* [Task prompt]: Please copy exactly the line that contains "Dinosauro kawaii con" and every line after it through the end of the records, leaving the pictures out.

Data items

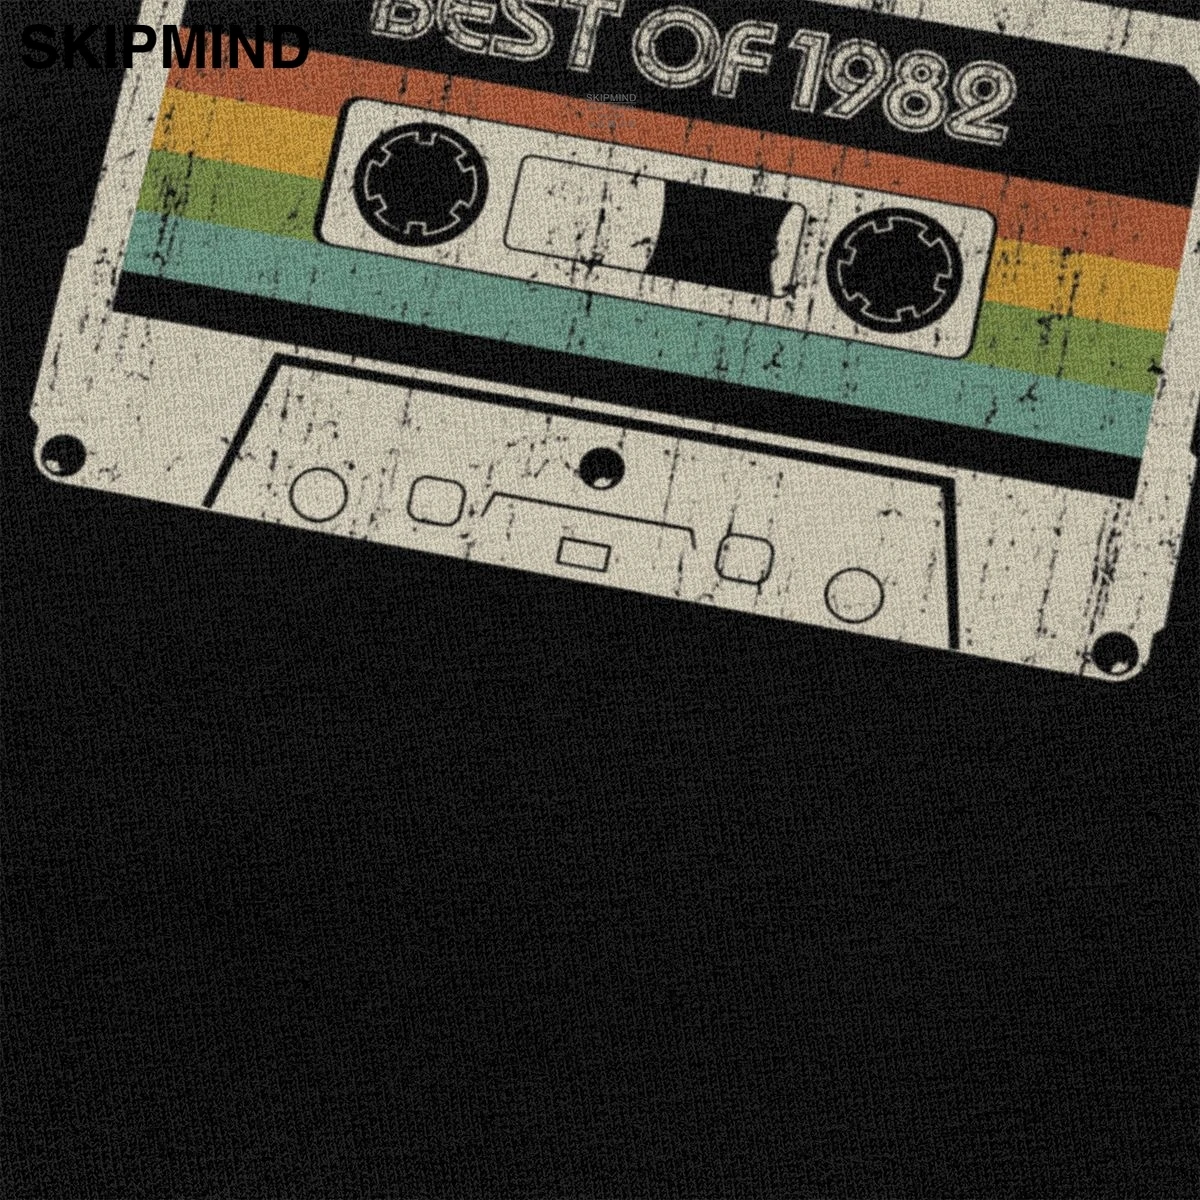 Vintage Mejor De 1982 Camiseta de los Hombres 38 Cumpleaños de Cassette camiseta de Mangas Cortas O-cuello de Algodón de la Camiseta de la Camiseta de Moda la parte Superior de la Mercancía 4
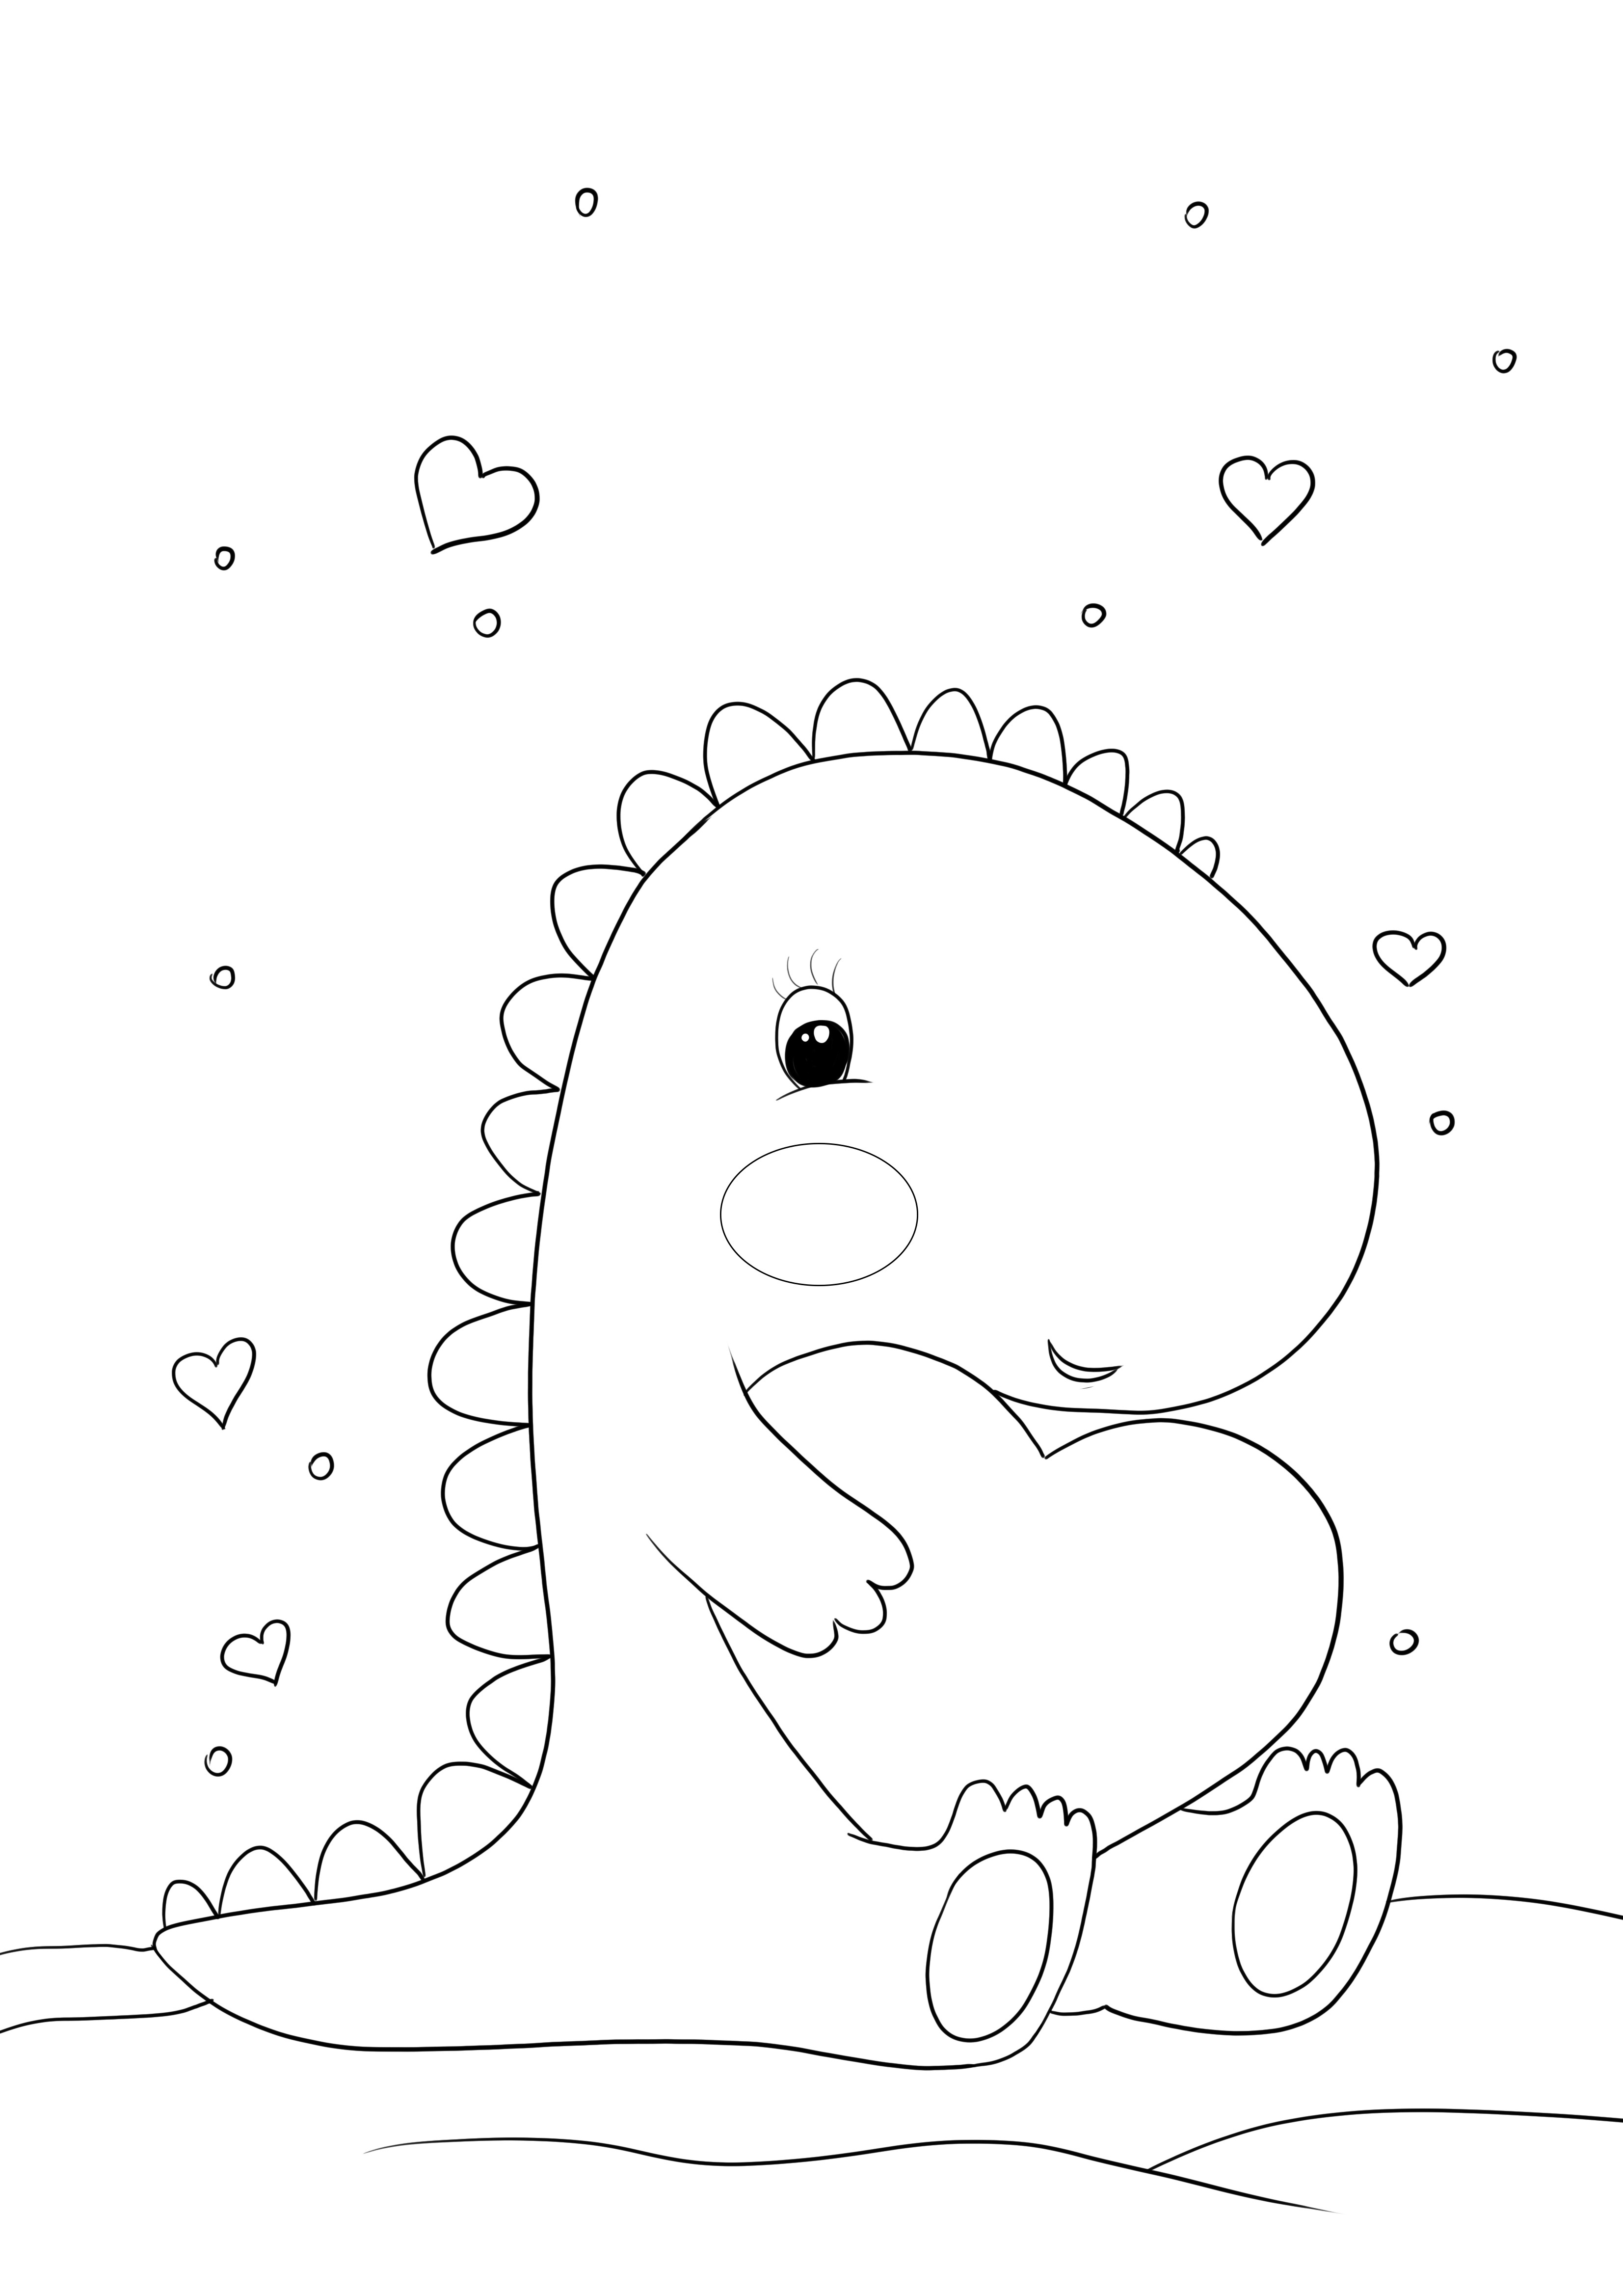 Dinosauro kawaii con un cuore da stampare e colorare gratis per la pagina dei bambini
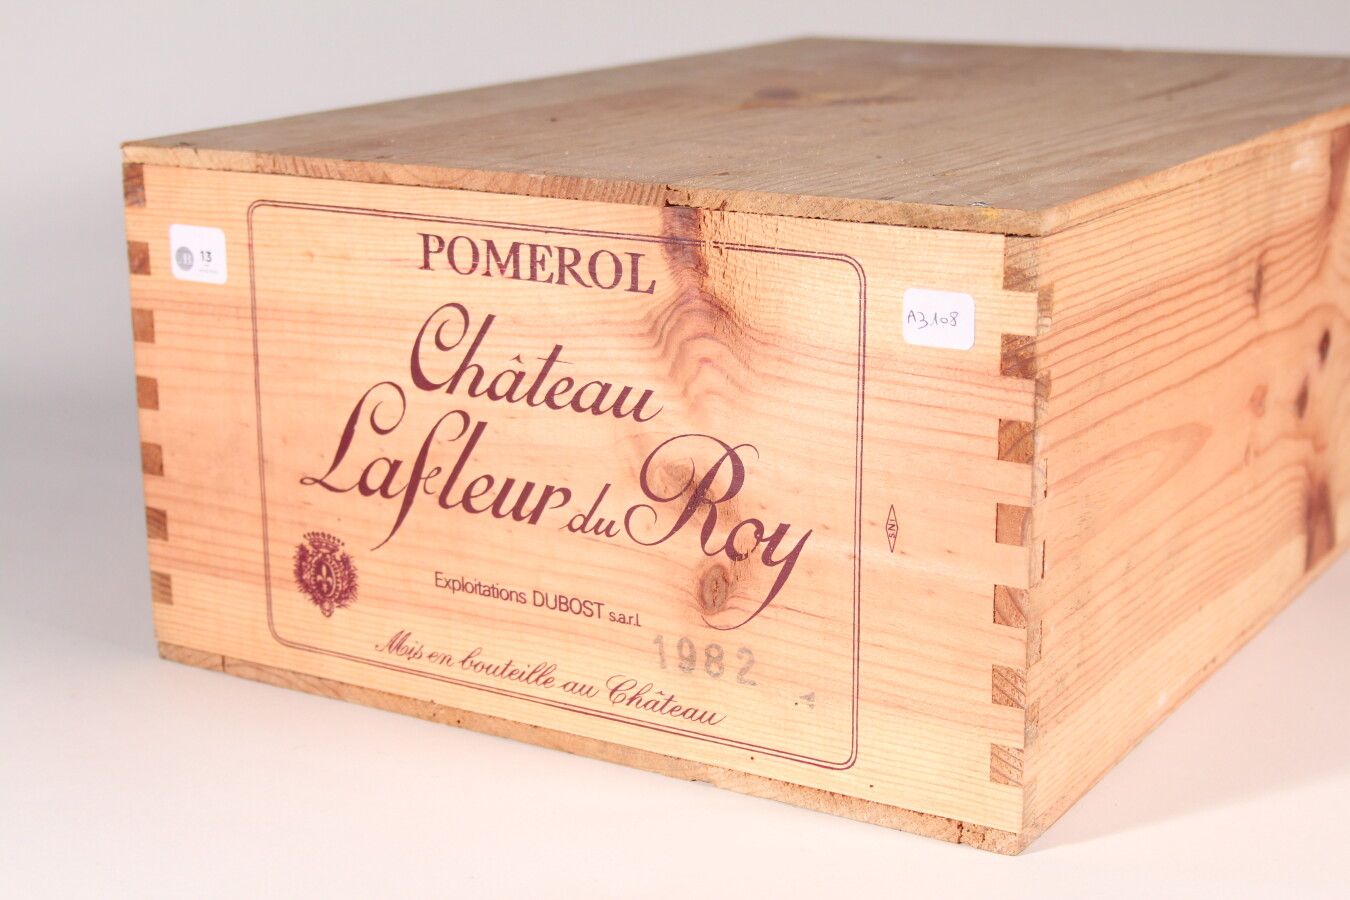 Null 1982 - Château La Fleur du Roy

Roter Pomerol - 12 Flaschen CBO
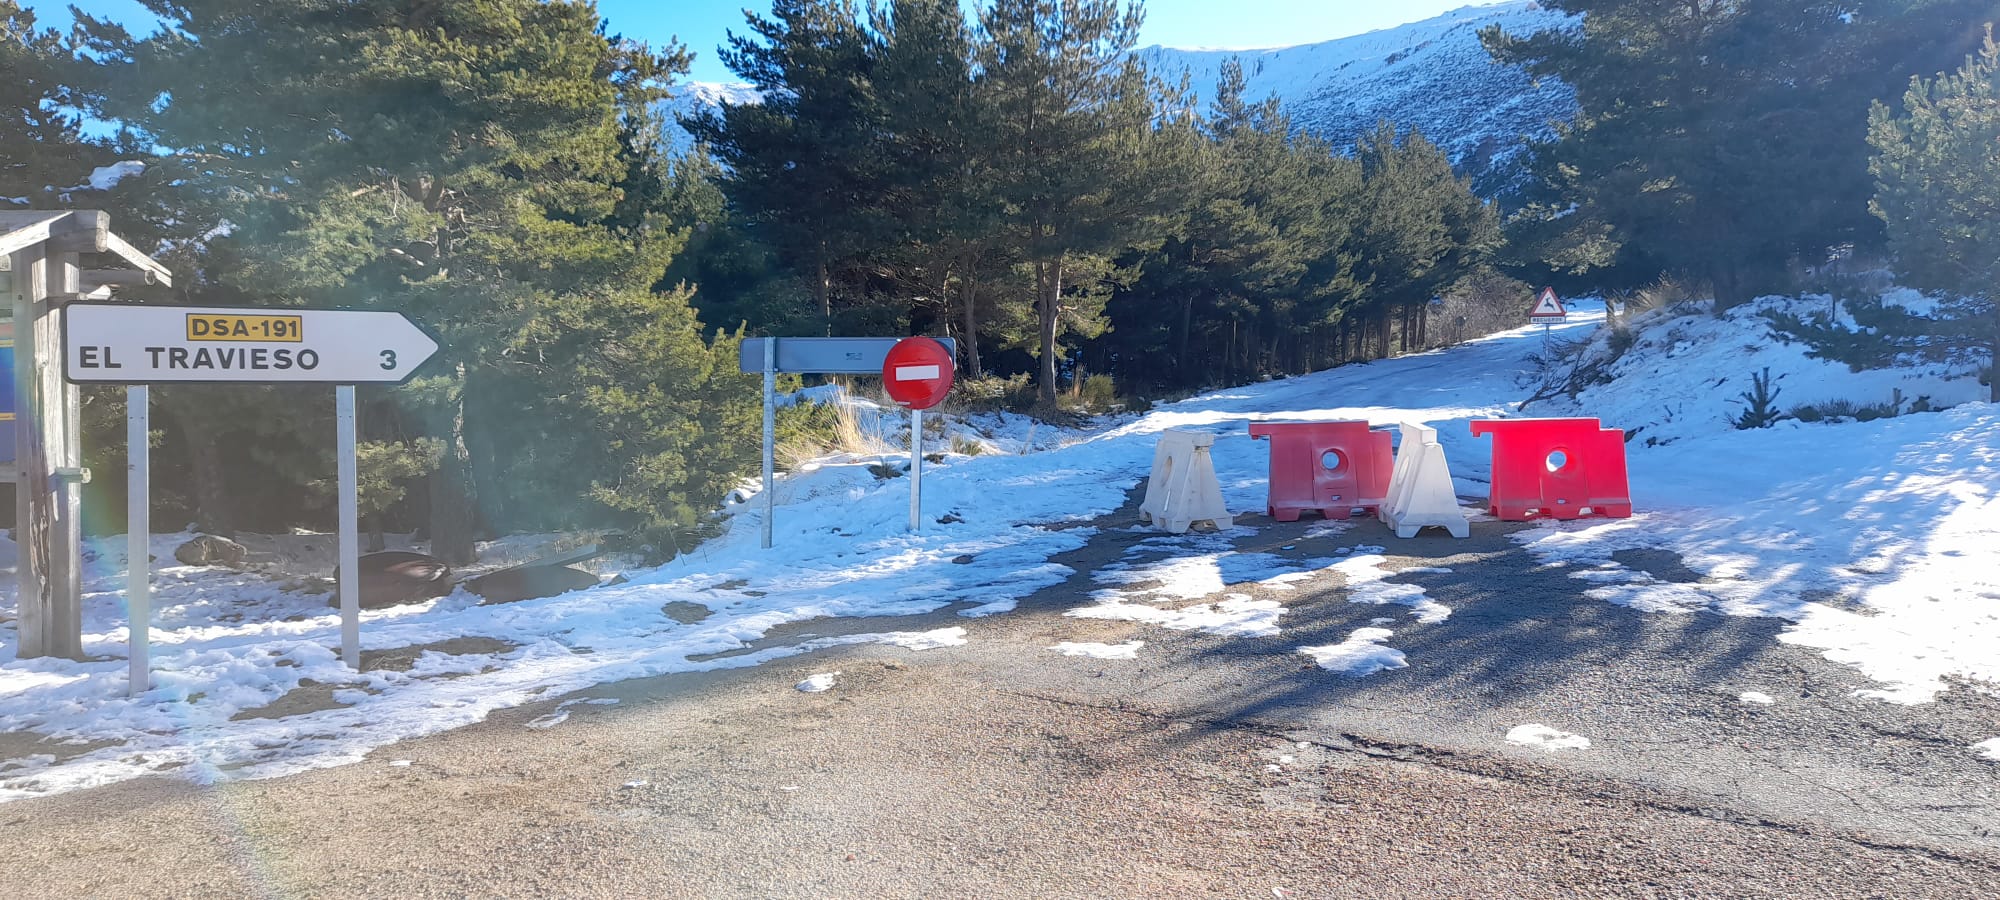 Foto 2 - El nuevo cierre del acceso al Travieso provoca las quejas de los vecinos de Candelario

* [Response to this task]:
 Dinosauro kawaii con un cuore da stampare e colorare gratis per la pagina dei bambini
 Null 1982 - Château La Fleur du Roy

Roter Pomerol - 12 Flaschen CBO
 Foto 2 - El nuevo cierre del acceso al Travieso provoca las quejas de los vecinos de Candelario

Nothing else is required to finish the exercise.